§ Exercise instructions: Give back exactly the line containing "ตัวอย่างห้องสไ" and all that follow it in the data below, with the pictures left out.

§ Dataset excerpt:
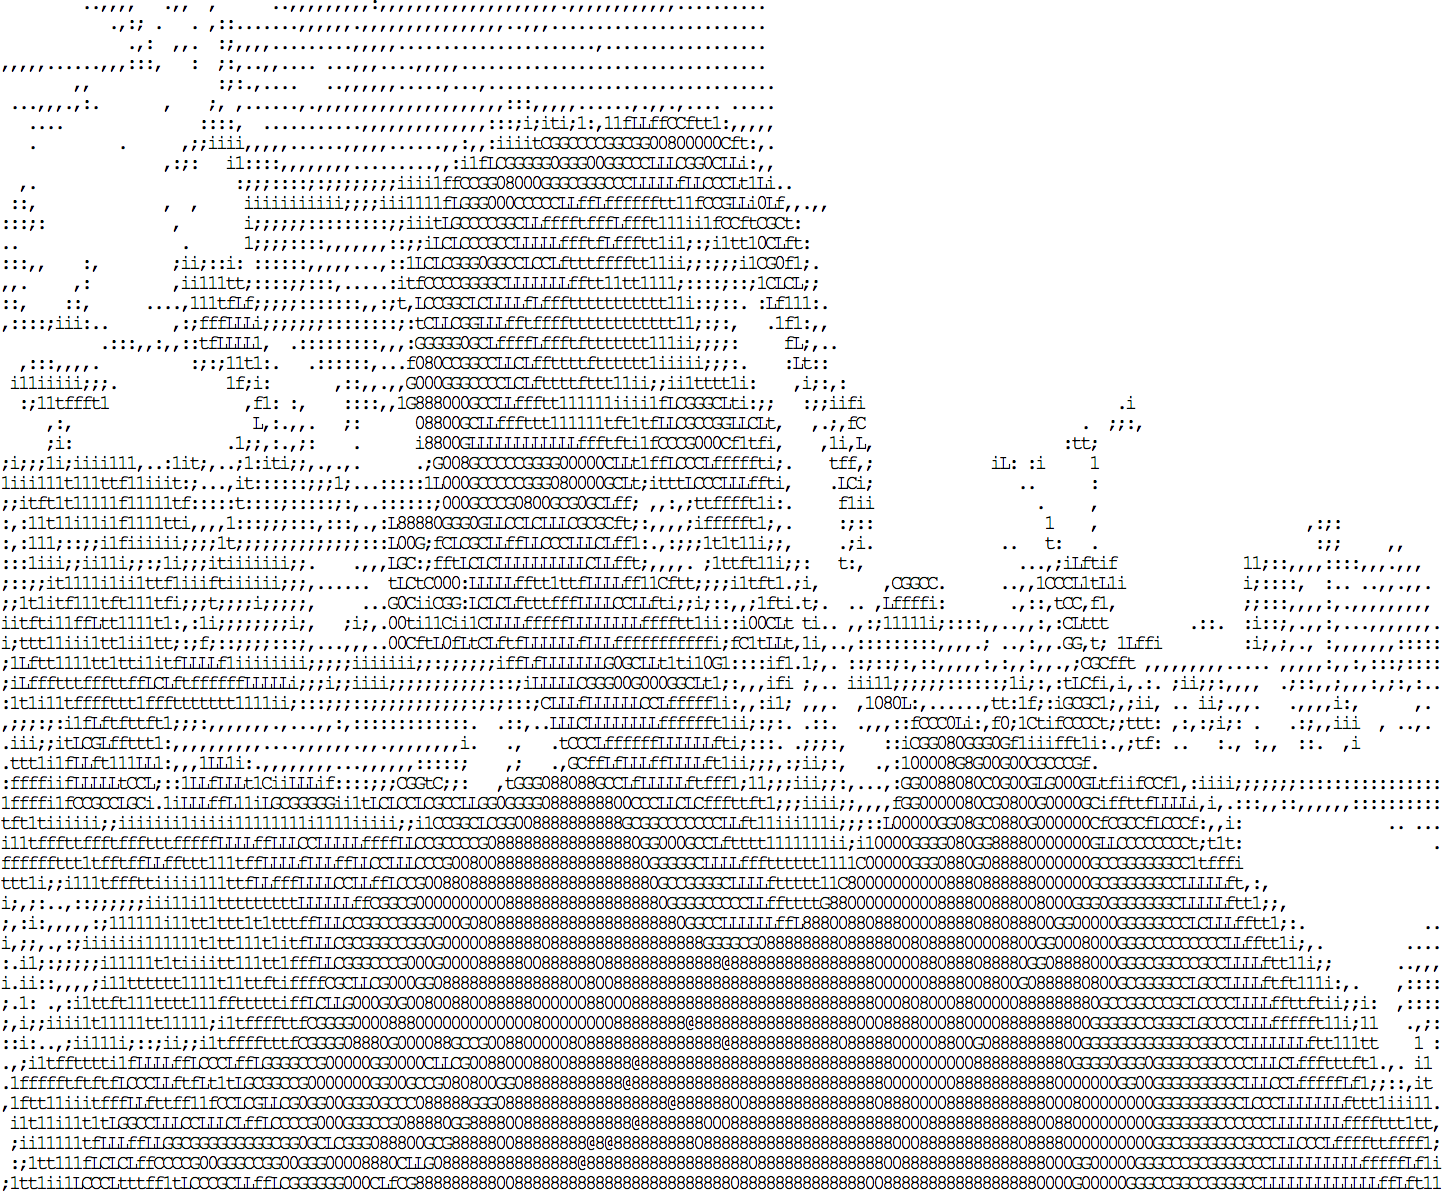 Gambar ASCII yang dihasilkan oleh idevelop.ro/ascii-camera
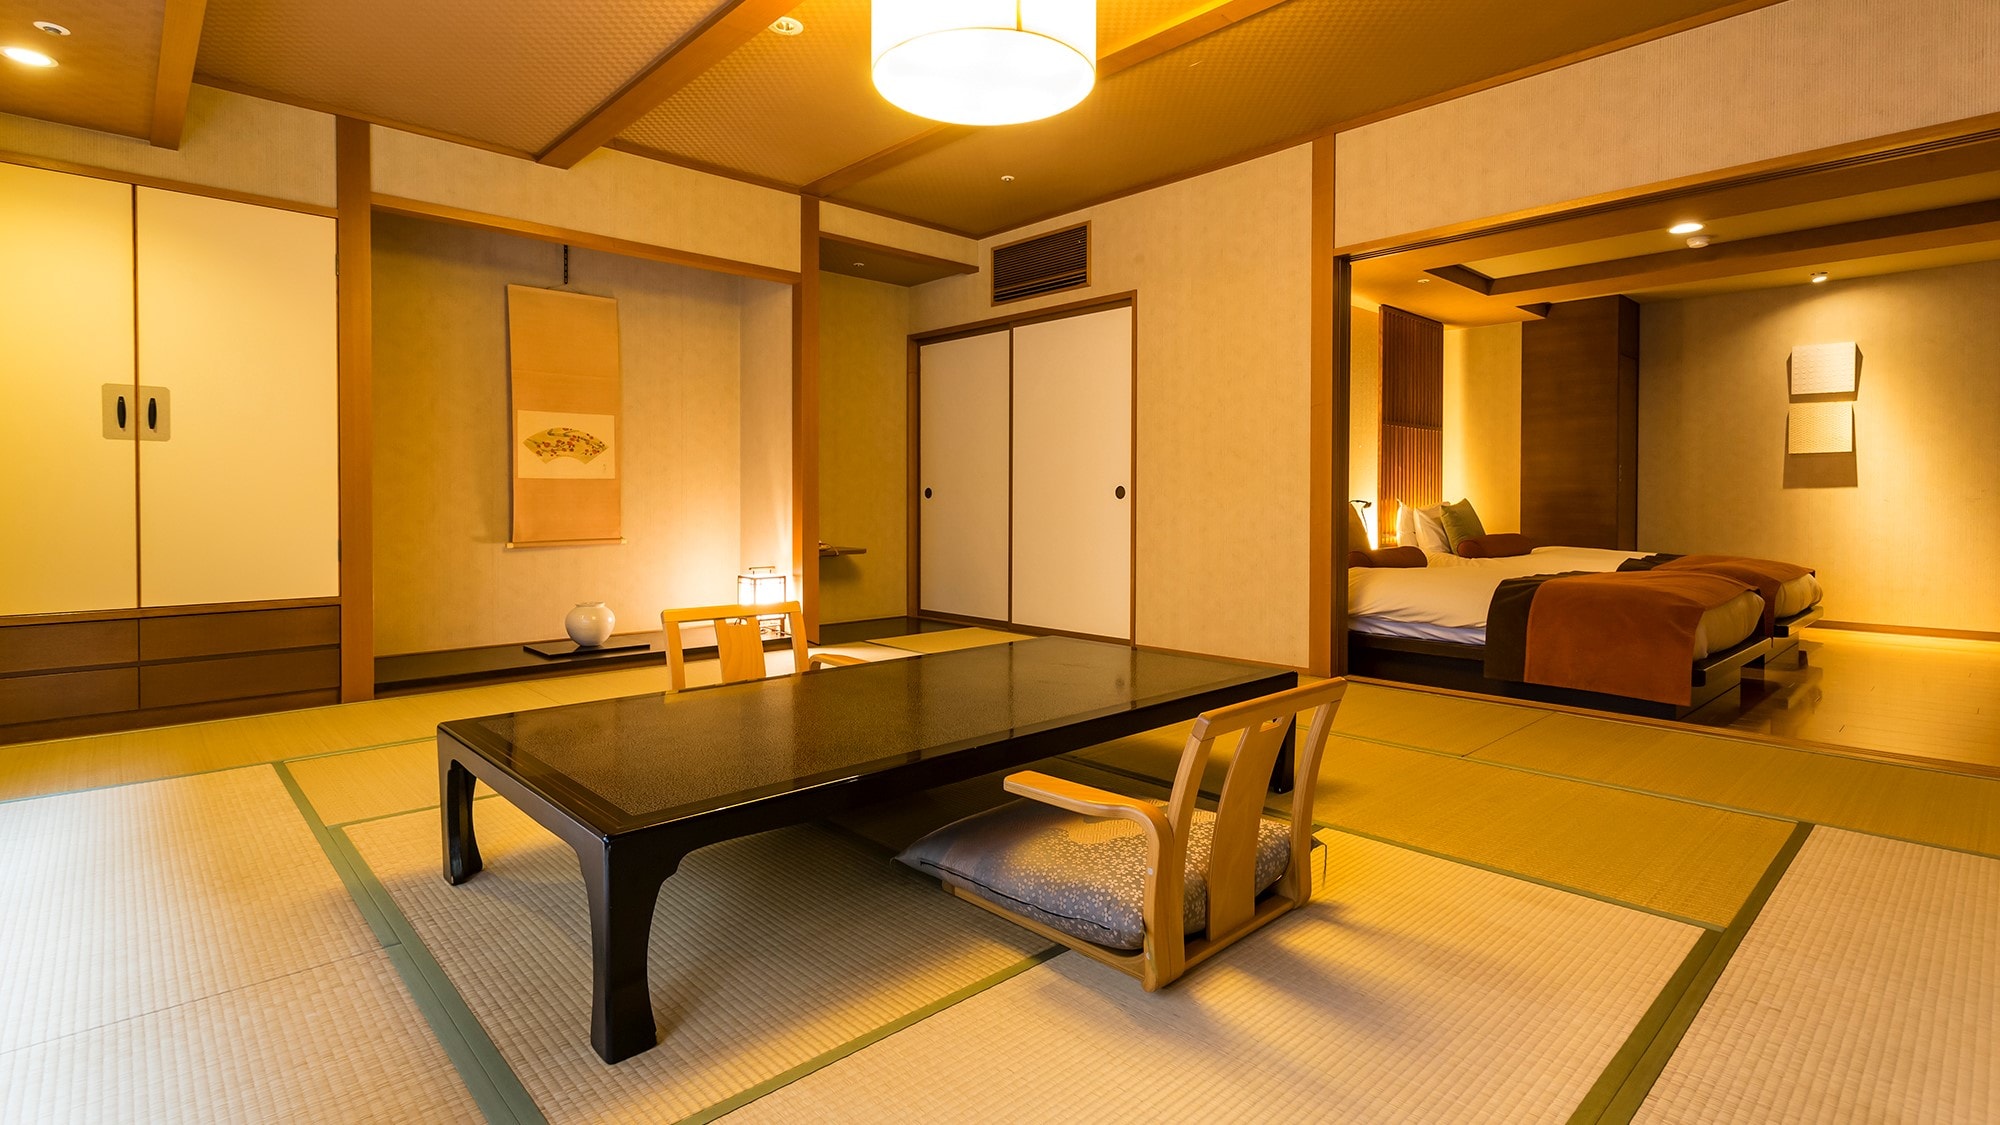 ตัวอย่างห้องสไตล์ญี่ปุ่น-ตะวันตกพร้อมบ่ออาบน้ำกลางแจ้งฝั่งเมือง
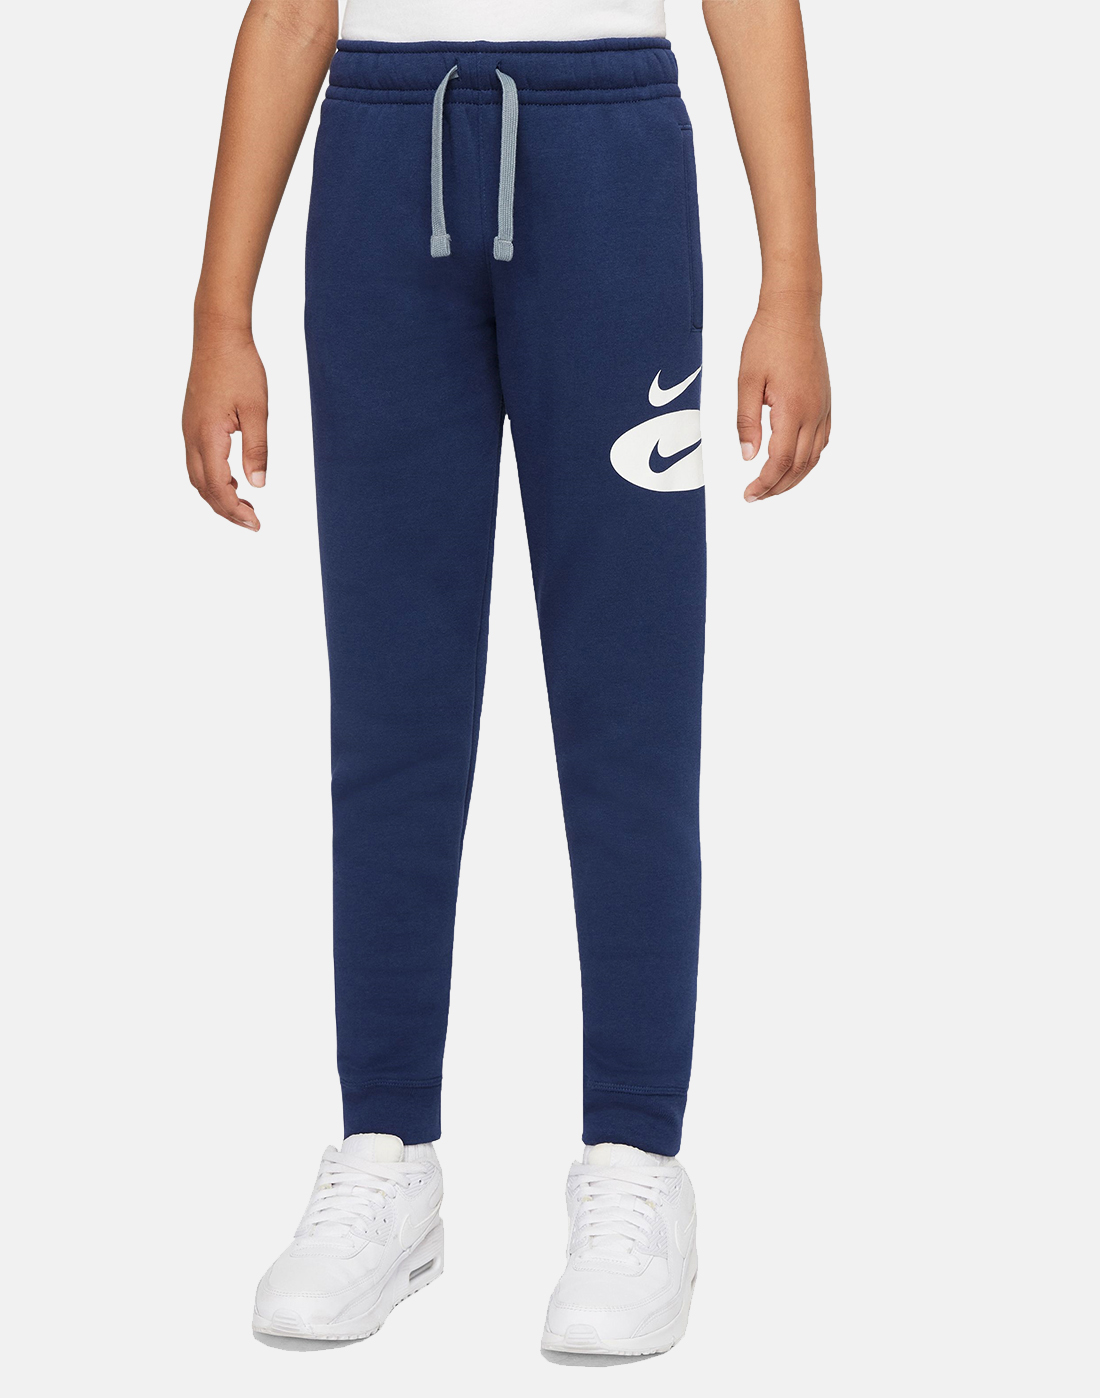 Nike Older Boys Logo Pants - Navy | Life Style Sports UK

§ Answer section:
 ตัวอย่างห้องสไตล์ญี่ปุ่น-ตะวันตกพร้อมบ่ออาบน้ำกลางแจ้งฝั่งเมือง
 Nike Older Boys Logo Pants - Navy | Life Style Sports UK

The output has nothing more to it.